It’s Women’s History Month!
Every year, by presidential proclamation, March is designated Women’s History Month in which the entire month is set aside to honor women’s contributions in American history.
Here on this blog, we’ve featured many women throughout the west who have made a name for themselves in some way. Calamity Jane, Belle Starr, Annie Oakley, Stagecoach Mary… the list goes on and on.
But I recently came across a different woman who wasn’t from the west. In fact, she was from the south–Georgia, to be exact–but she certainly made plenty of contributions in her life to make her worthy of honor and notoriety during Women’s History Month.
Mary Francis Hill Coley was an African-American woman born in 1900 in rural Baker County, Georgia. She learned midwifery at a young age through an apprenticeship instead of attending formal medical school. By her early adulthood, she’d gained enough hands-on experience to achieve the reputation of being one of the most trusted and compassionate midwives serving the communities around Albany, earning the loving name of “Miss Mary.”
“Every baby is a little bit of heaven sent down to earth.”

As most of us with children probably already know, babies don’t decide to be born conveniently during the daytime. Many a husband came knocking on Mary’s door in the middle of the night, frantic that his wife had gone into labor and needed help. Mary kept her medical bag ready on her nightstand. With bag in hand, she’d put on her coat and head out, oftentimes walking long distances down dark country roads if transportation wasn’t available.
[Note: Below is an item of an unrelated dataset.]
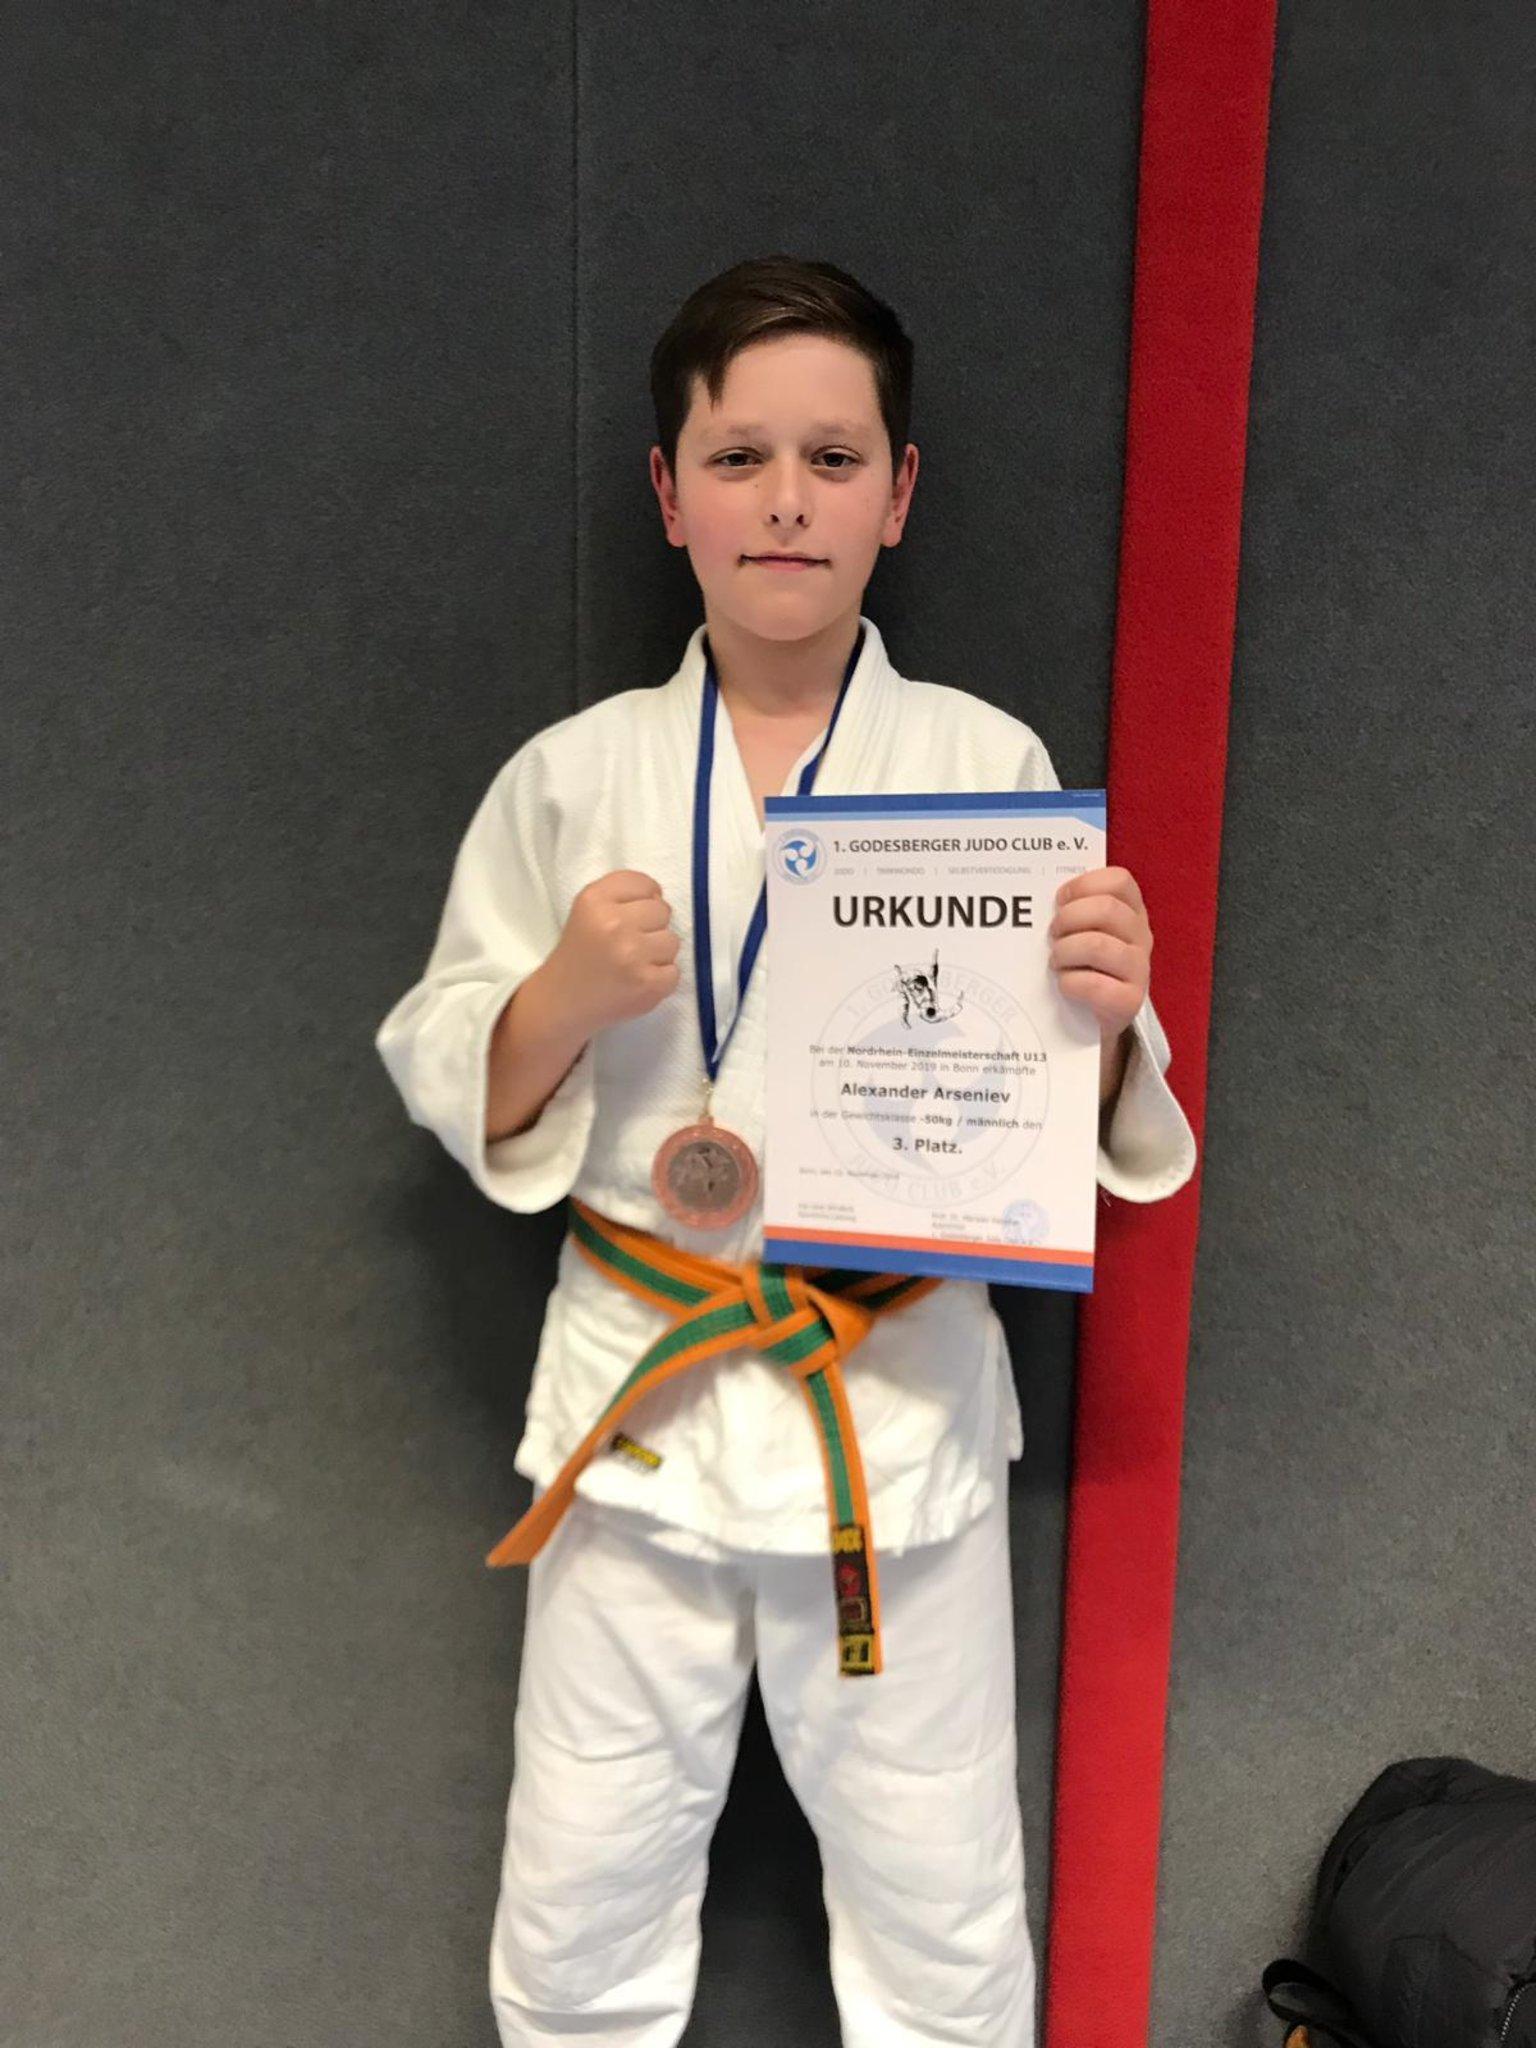 Judo Nordrhein-Einzelmeisterschaft U13 2019: Alex Arseniev vom Judo-Team Holten gewinnt Bronze bei den Nordrhein-Einzelmeisterschaften - Lokalkompass.de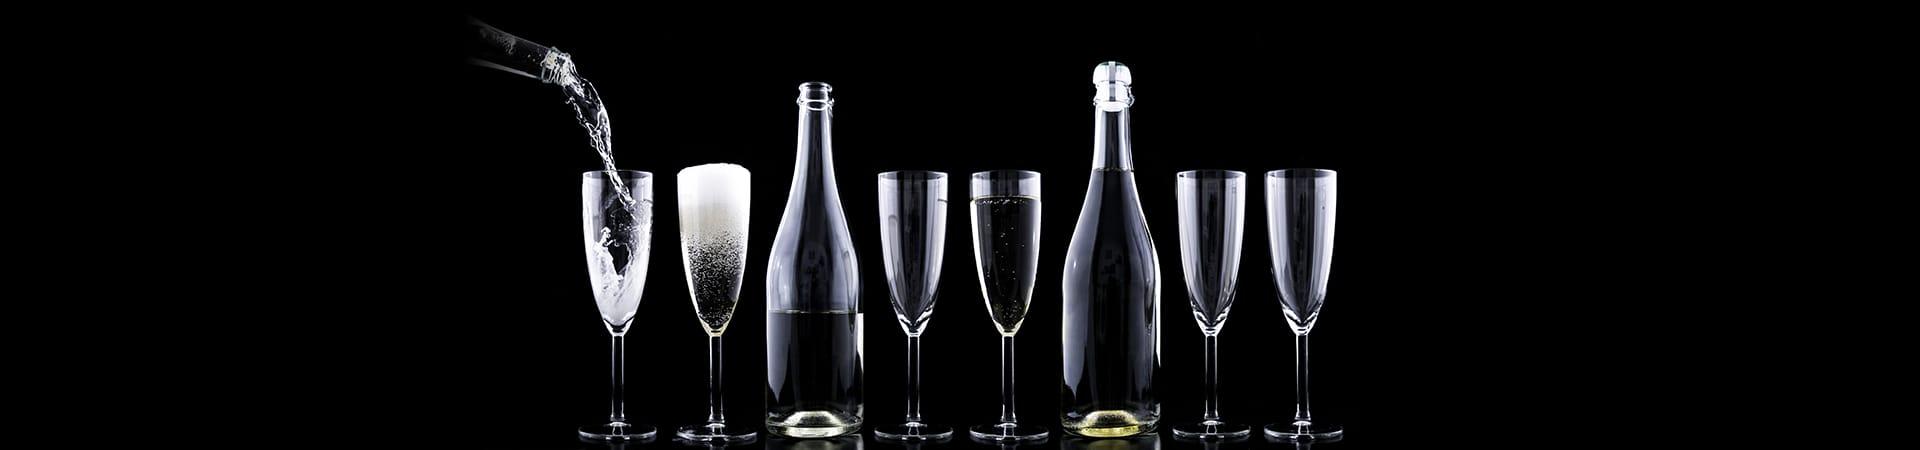 Sekt, Secco & Champagner

“The baby is not the only patient.”
But she did more than just deliver babies. She also:
• provided prenatal guidance, including strongly advising regular doctor visits for crucial examinations at her clinic
• helped families prepare for delivery by offering them a box of linens, baby clothes, and reading materials
• assisted mothers during long home labors, checking them carefully under sanitary conditions
• cared for both mother and newborn for several hours afterward, giving advice, aiding in breastfeeding, and after care.
You’re probably wondering if she had children of her own. She sure did. In 1930, she married Ashley Coley, a carpenter, and they went on to have ten children together. Then, for reasons not revealed, he up and left her to raise those ten kids by herself.
Can you imagine?
But she endured, thanks to her successful midwifery and practical nursing career. While serving her community, she was still able to support her large family as well as buy her own home, a car, a telephone, supplies for emergencies, and even hire an assistant to help with births and visits.
In the early 1950s, the Georgia Department of Public Health wanted to create a documentary film about safe childbirth practices to educate midwives. The result was “All My Babies: A Midwife’s Own Story” (1953), directed by George C. Stoney. Mary Coley was chosen as the central figure – not actors – and the film was used for years to train midwives across the United States and internationally. It was the first time the general public was able to view a real birth on screen, and today the film is considered one of the most important public-health documentaries ever made.
I watched the black-and-white film on YouTube. Mary is very loving, soft-spoken, and efficient as she cares for two separate mothers ready to give birth as well as postpartum. Her knowledge of the importance of sanitation was clear in her work, whether it was washing her hands, boiling her instruments, using freshly-laundered linens or sanitized cloths to clean both mother and baby.
By the time she died in 1966, according to her grandson, she had raised eleven children and delivered 3,700 babies, many of them documented on a large bulletin board in her clinic.
She’s certainly deserving to be honored during Women’s History Month, don’t you think?
If you’ve ever given birth, did you use a midwife at home? A doula? Or did you prefer a hospital setting? Was there someone with you that you couldn’t have done without?